We hold that the proceedings contemplated in Section 112 of Act 496 are intended to grant relief to parties whose title to the property that is covered by a certificate of title is clearly established, as in the case of the appellees in the present case. It is not enough that the petition of a party for relief under said Section 112 is opposed for one reason or another. The opposition must be serious enough as to place in grave doubt the title over the registered property of the person who seeks relief under that section. Otherwise, the efficacy of the remedy contemplated in this Section 112 would be frustrated by the filing of any protest or claim, more or less baseless, which is intended merely to harass or prejudice the movant.

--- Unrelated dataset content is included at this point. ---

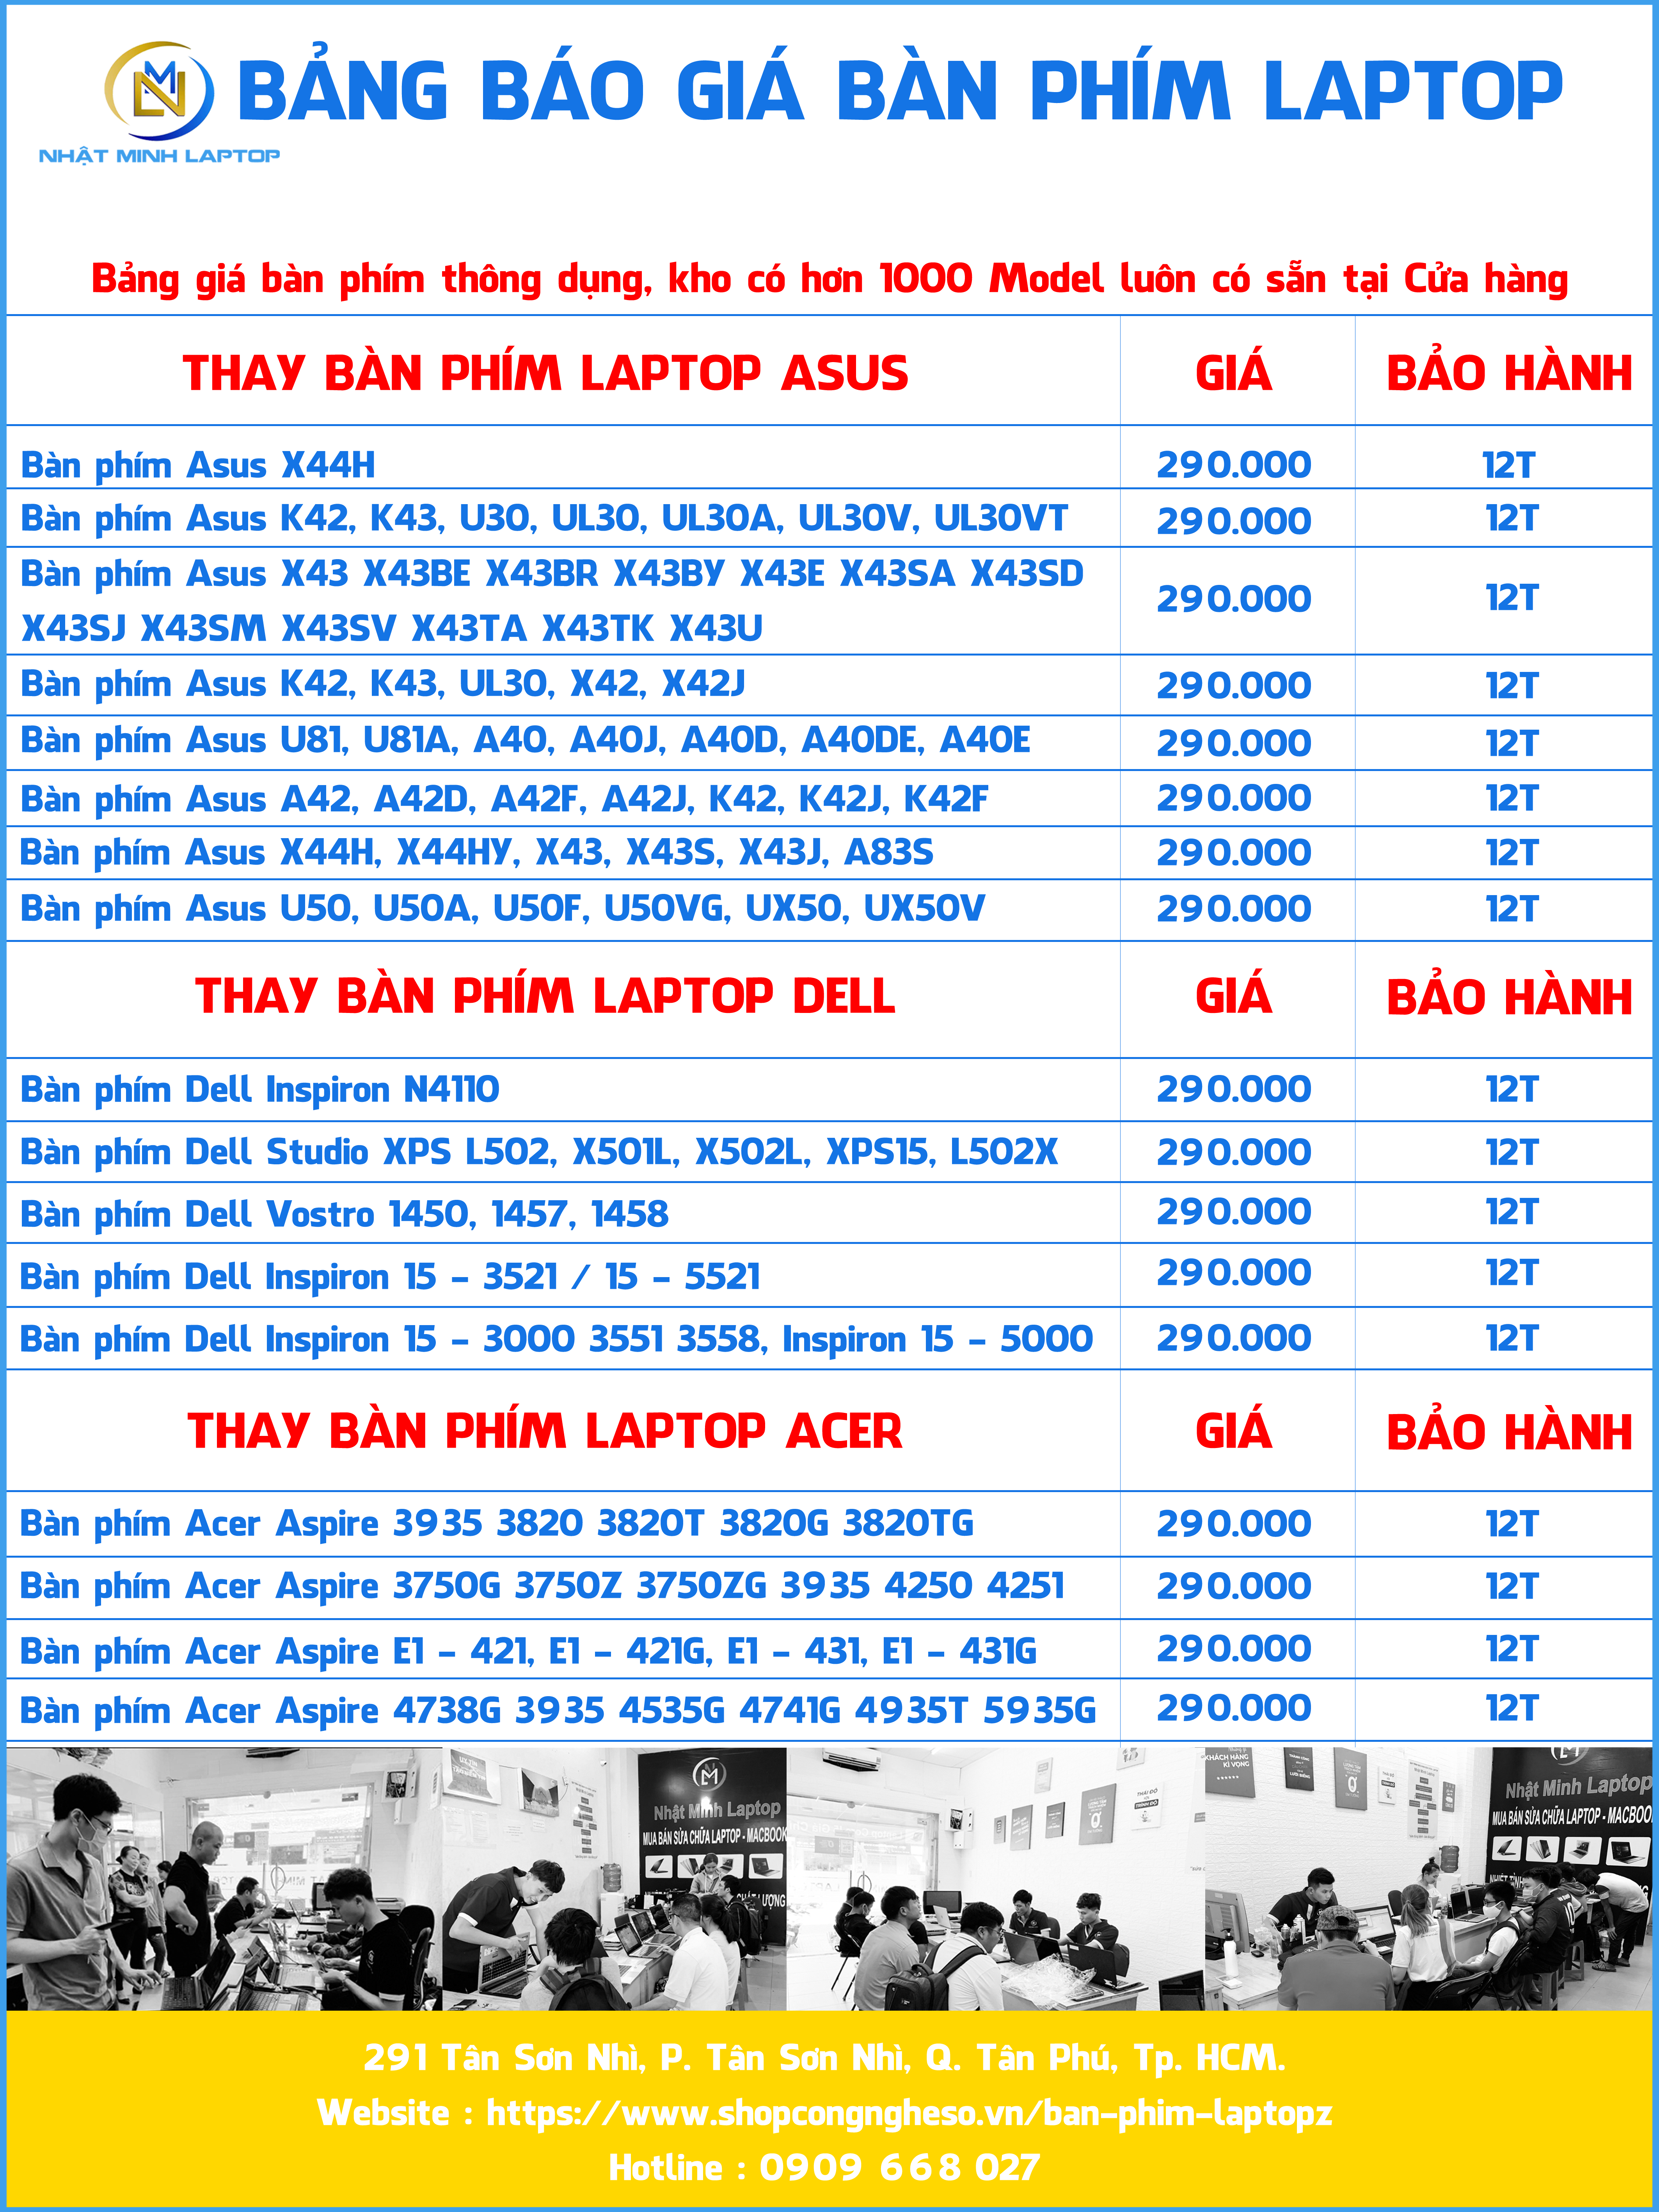 Bảng báo giá bàn phím laptop tại Trung Tâm Nhật Minh

What should matter is not the allegations in the opposition to the motion filed in court under Section 112 but the real nature of the title of the movant over the registered property as found by the court after hearing, of which the parties had been duly notified.

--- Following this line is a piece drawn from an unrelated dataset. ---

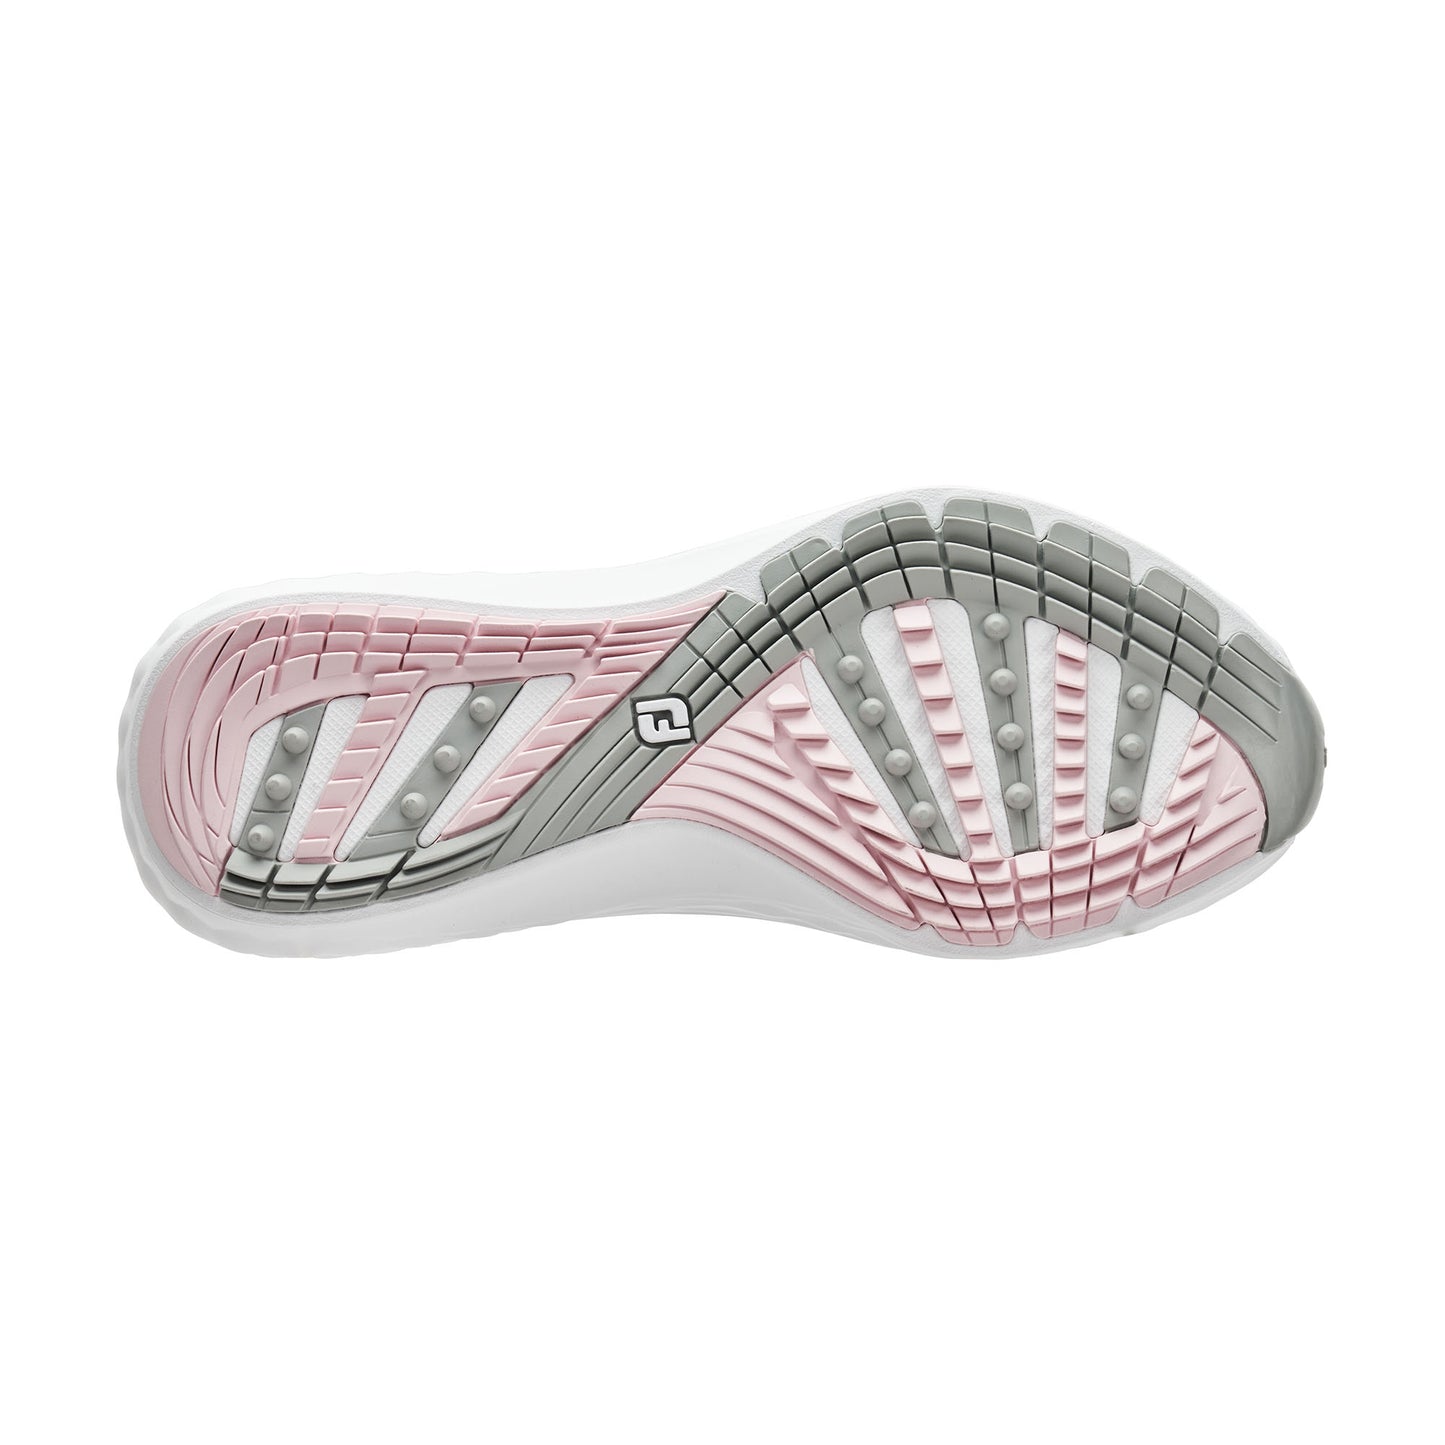 FootJoy Ladies Wide Fit Waterproof Quantum Golf Shoes in White, Grey & Pink

This Court has ruled that in proceedings under Section 112 of Act 496 the Court of First Instance, acting as a registration court, may hear evidence and decide controversial matters with a view to determining whether the person seeking relief under this section is entitled to the relief or not. Thus in the case of Concepcion H. Luna, et al. vs. Pedro P. Santos, et al., 102 Phil. 588, this Court held:

"In trying to assail the jurisdiction of the lower court, appellants stand on the premise that the petition for the cancellation of T. C. T. No. 657 issued in the name of Mons. Ariola was pursuant to the provisions of Section 112 of the Land Registration Act and filed with the Court of First Instance of Sorsogon in its capacity as a Land Registration Court. Thus they argued, it being a court of limited jurisdiction, it can not take cognizance of the question of the validity or invalidity of a document for it has to be resolved by a court exercising general jurisdiction. Appellants, however, forget that they were the ones who raised the legality of the transfers of the certificates on the basis of paid instrument (Exh. 1) and even if said question had to be resolved by the lower court as a Land Registration Court, under the principle laid down by Us in the case of Government of the P. I. vs. Serafica, 61 Phil. 93, and reiterated in the case of Caoibes vs. Sison, 102 Phil., 19 promulgated September 27, 1957, We find no reason to declare the Land Registration Courts, that are at the same time of First Instance and of general jurisdiction could not have, at for the take of expediency, entertained and disposed of the question of the validity or invalidity of the instrument referred to (Exh. 1)" (Italics is supplied).

In the case now at bar, what the lower court did was not to decide on any question affecting the ownership of Lot No. 1563 that was covered by Original Certificate of Title No. O-1738. We said that the ownership of lot No. 1563 had been consolidated in favor of Julian Villabona pursuant to the contract of sale with right of repurchase that was recorded in said original certificate of title, by operation of law. What the lower count did was simply to give effect to the lien that was recorded in the certificate of title which, by operation of law, had vested title on the appellees.

The contention of the appellant, that the right of action of the appellees based on the contract of sale with right of repurchase executed on August 10, 1931 was barred by the statute of limitations, has no merit. As We have said, that sale with right of repurchase was recorded in Original Certificate of Title No. O-1738 and under Section 112 of Act 496 appellees herein, who are persons in interest, may at any time petition the court to grant relief based on the right that is recorded in the certificate of title.

WHEREFORE, the orders of the lower court of December 20, 1960, and July 25, 1961, appealed from, are affirmed, with costs against the appellant.

Bengzon, C. J., Bautista Angelo, Reyes, J.B.L., Barrera, Dizon, Regala, Makalintal and Bengzon, J.P., JJ., concur.